While searching for the solution , I decided to shift over to Google Scholar ™, and search the peer reviewed literature and patents. Since I did not know “what” exactly I was looking for, it became quite challenging and frustrating. However, I began to repeatedly see references to reinforced concrete. I dismissed this initially as not being the right media (water). Finally, I dove into the literature a bit, used Wikipedia quite often to try and understand some of the weird material science terms, and found this very unusual material that was being tested.


As a side note- Miami is currently digging through the tragic collapse of a condominium tower. The collapse was possibly brought on by corrosion (salt water = chloride) of the internal rebar (iron reinforcing rods) buried in the concrete pillars.


Once I found the technical name of the material, I began my search again and quickly found some very basic research papers that showed that this same material could be used to desalinate water. Within weeks, I contacted the supplier, worked through their business development people (outstanding), got samples, and validated the results from these 2010 technical papers in my garage (no, not a joke).
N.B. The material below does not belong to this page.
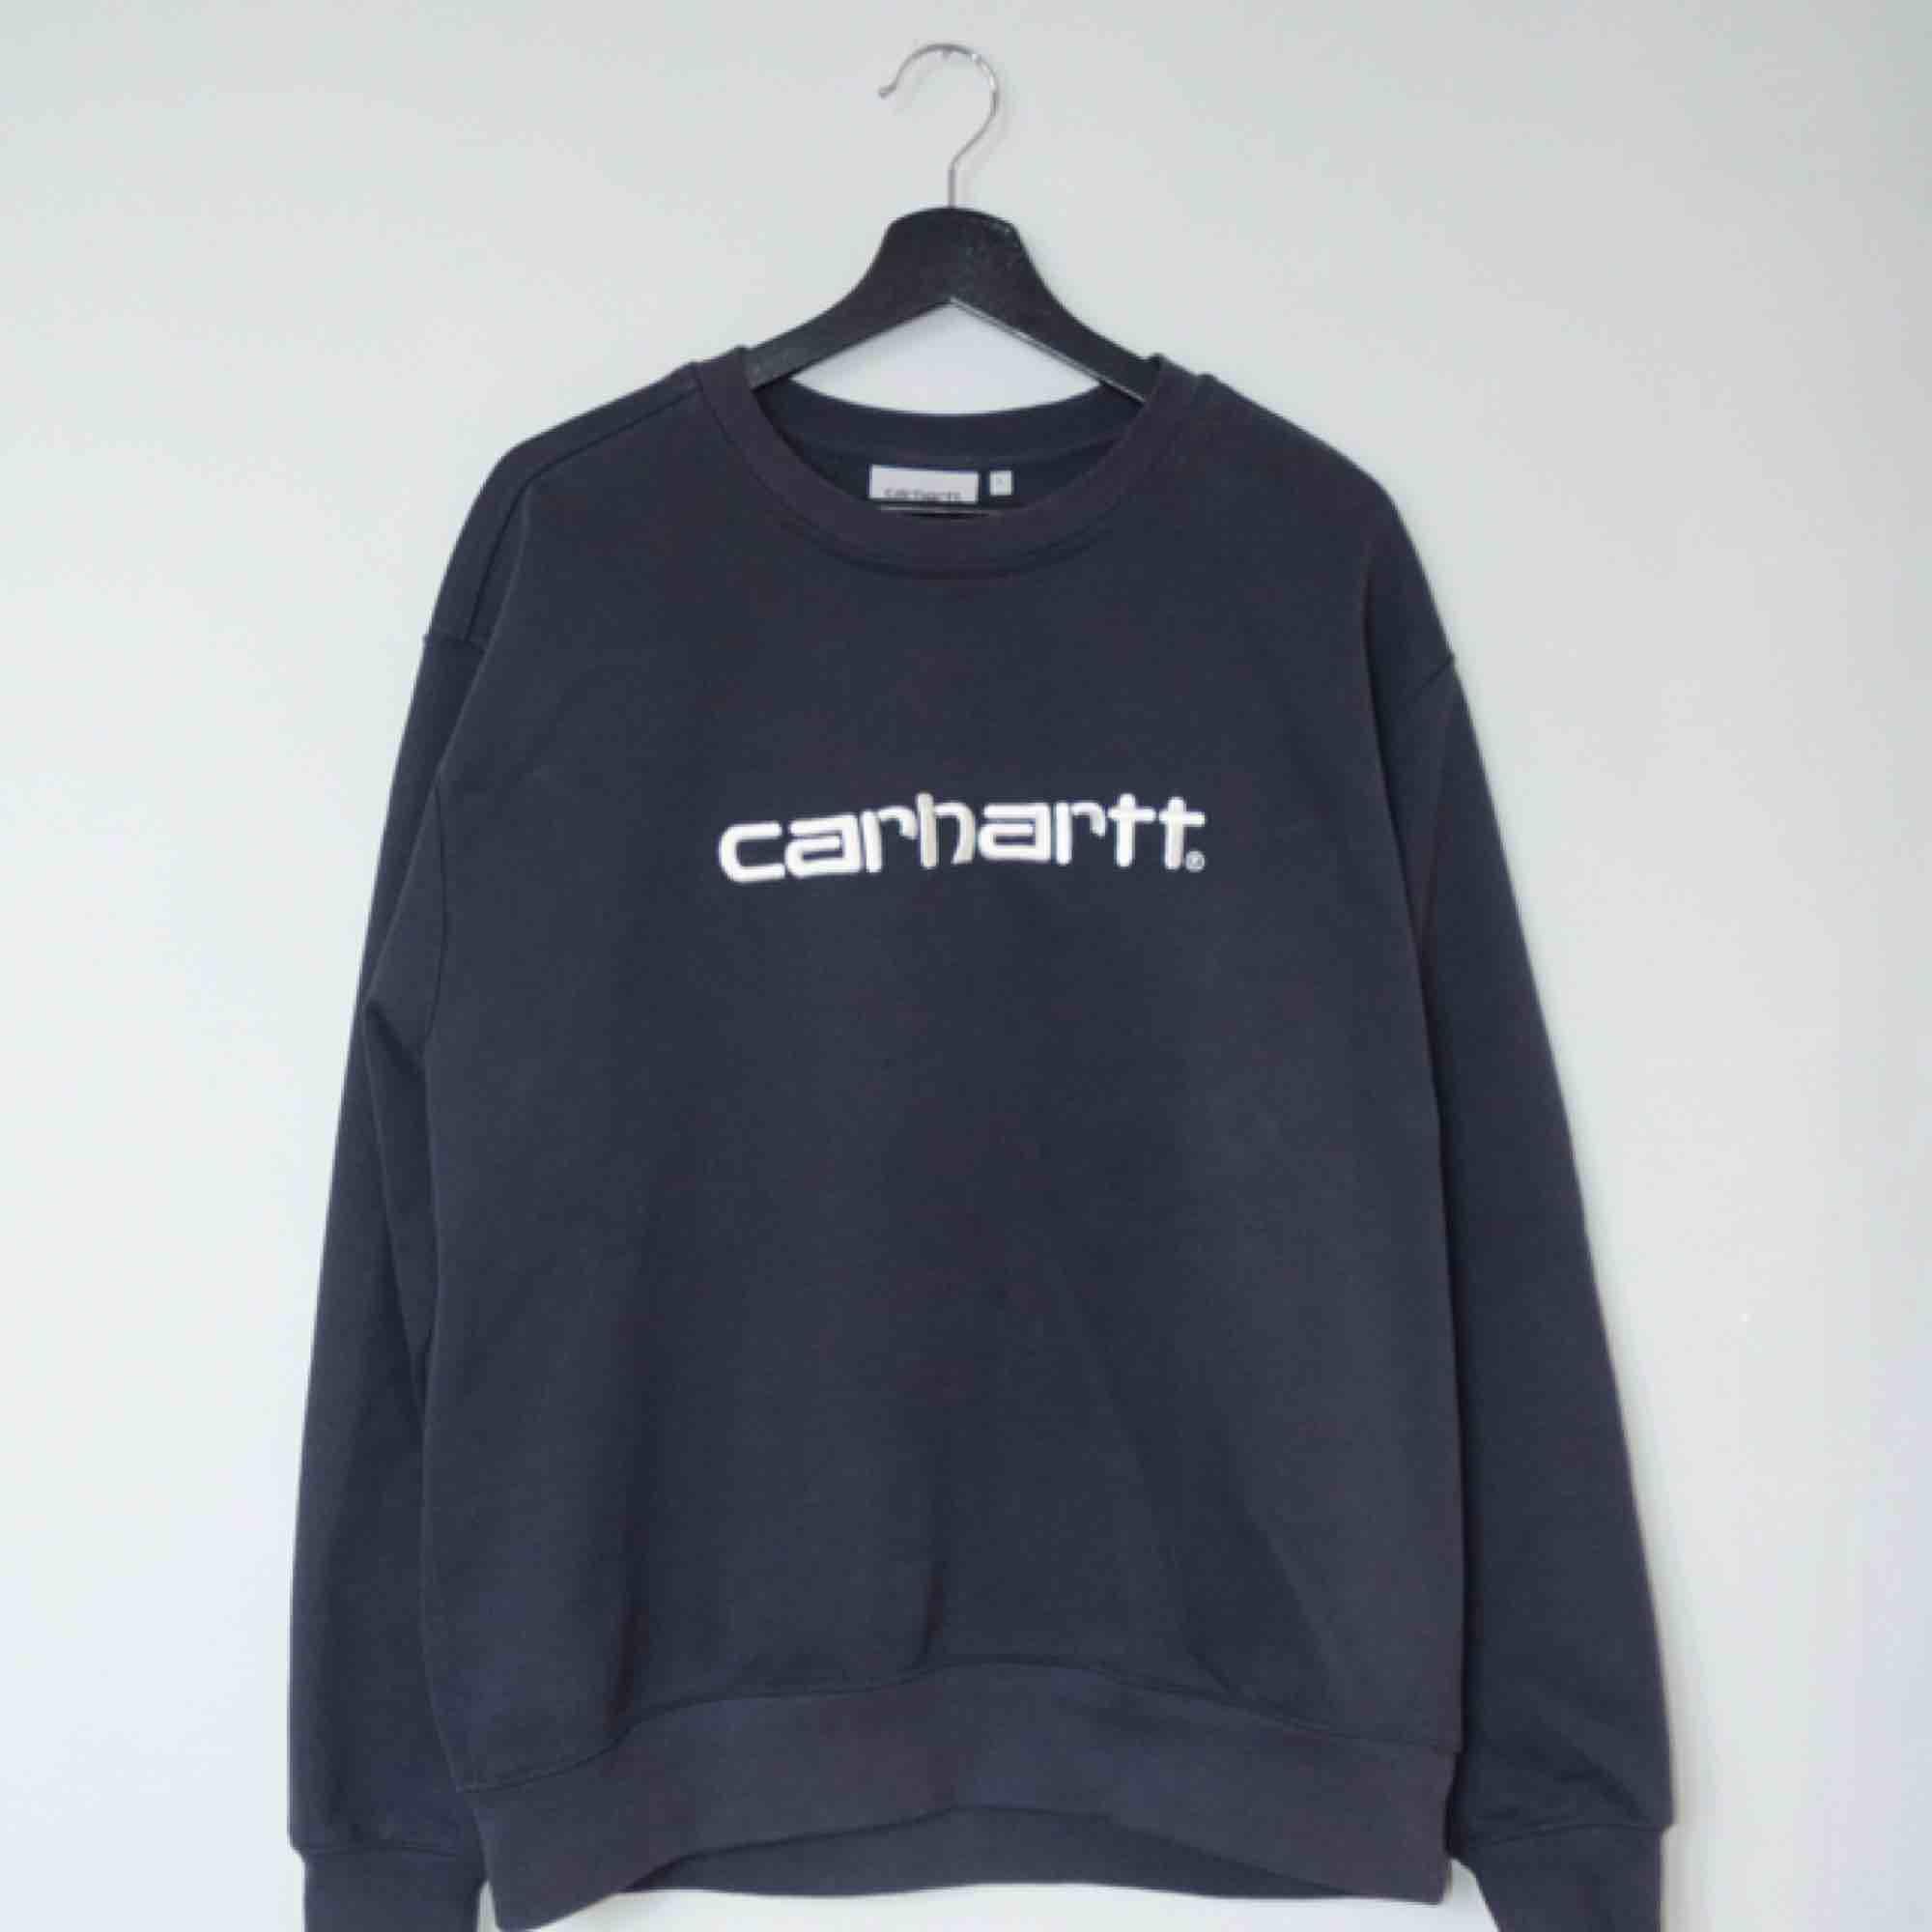 Säljer en Carhartt tröja i färgen navy wax. Suveränt komplement till Paccbet x Carhartt tröjan från SS18!  Size: Large Cond: 9/10 (gott skick utöver en liten fläck på magen, knappt tydlig vid användning). Tröjor & Koftor.
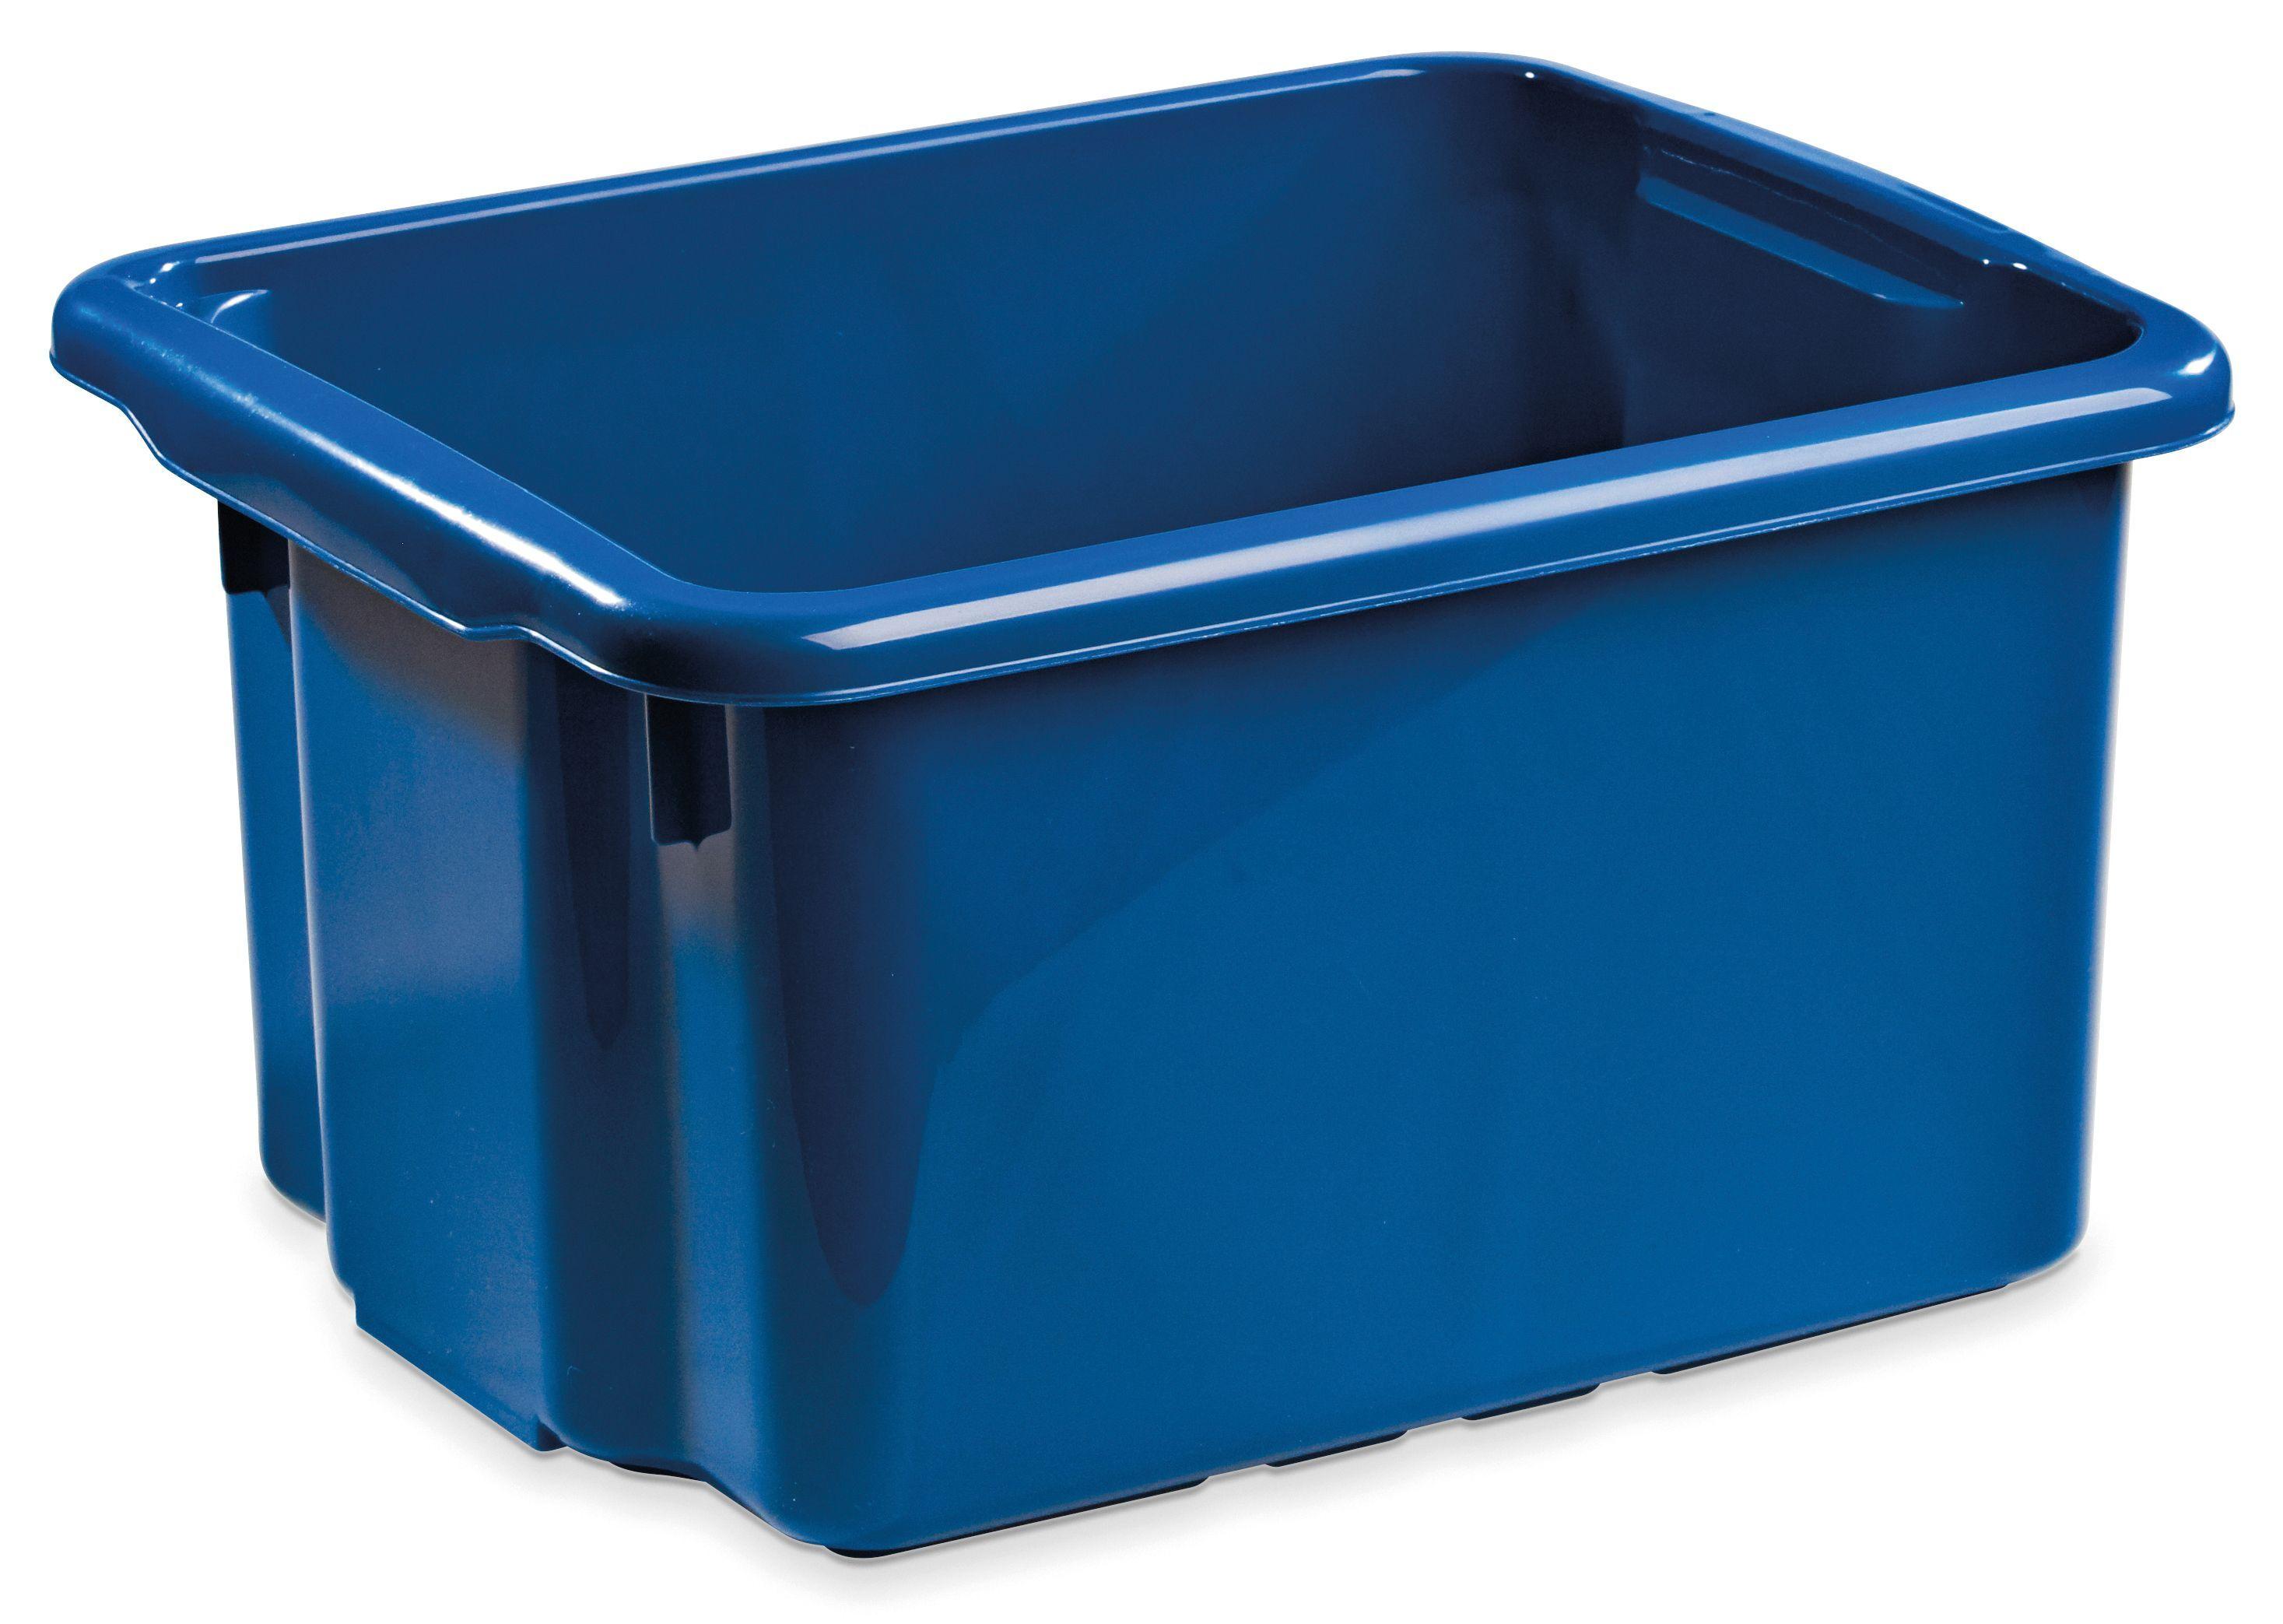 Oppbevaringsboks 7150-0600 Oppbevaringsboks NORDISKA PLAST 15L blå

I easily made a prototype with the sample material by studying how fishing lures and costume jewelry were made. Basically- we made PVC beads with the material, baked them in a small oven I got from Costco. And, they worked. Not pretty to look at but the functionality was there. That project is ongoing as of this writing so I can’t say much more about it in this venue.


Summary


Once you think you have the right idea, you should build a prototype. How you show this to a customer takes some planning. The Design Thinking process from IDEO can be very helpful in guiding you through this. There may be a need, here and there, for some firmware, scripting, or skills but keep these as small as possible. Leverage friends for their expertise, not their money. Money is the easy part as I will show you in later pages.





[1] Dust mite “poop” is an extremely potent allergen and found in bedding, rugs, fabrics etc.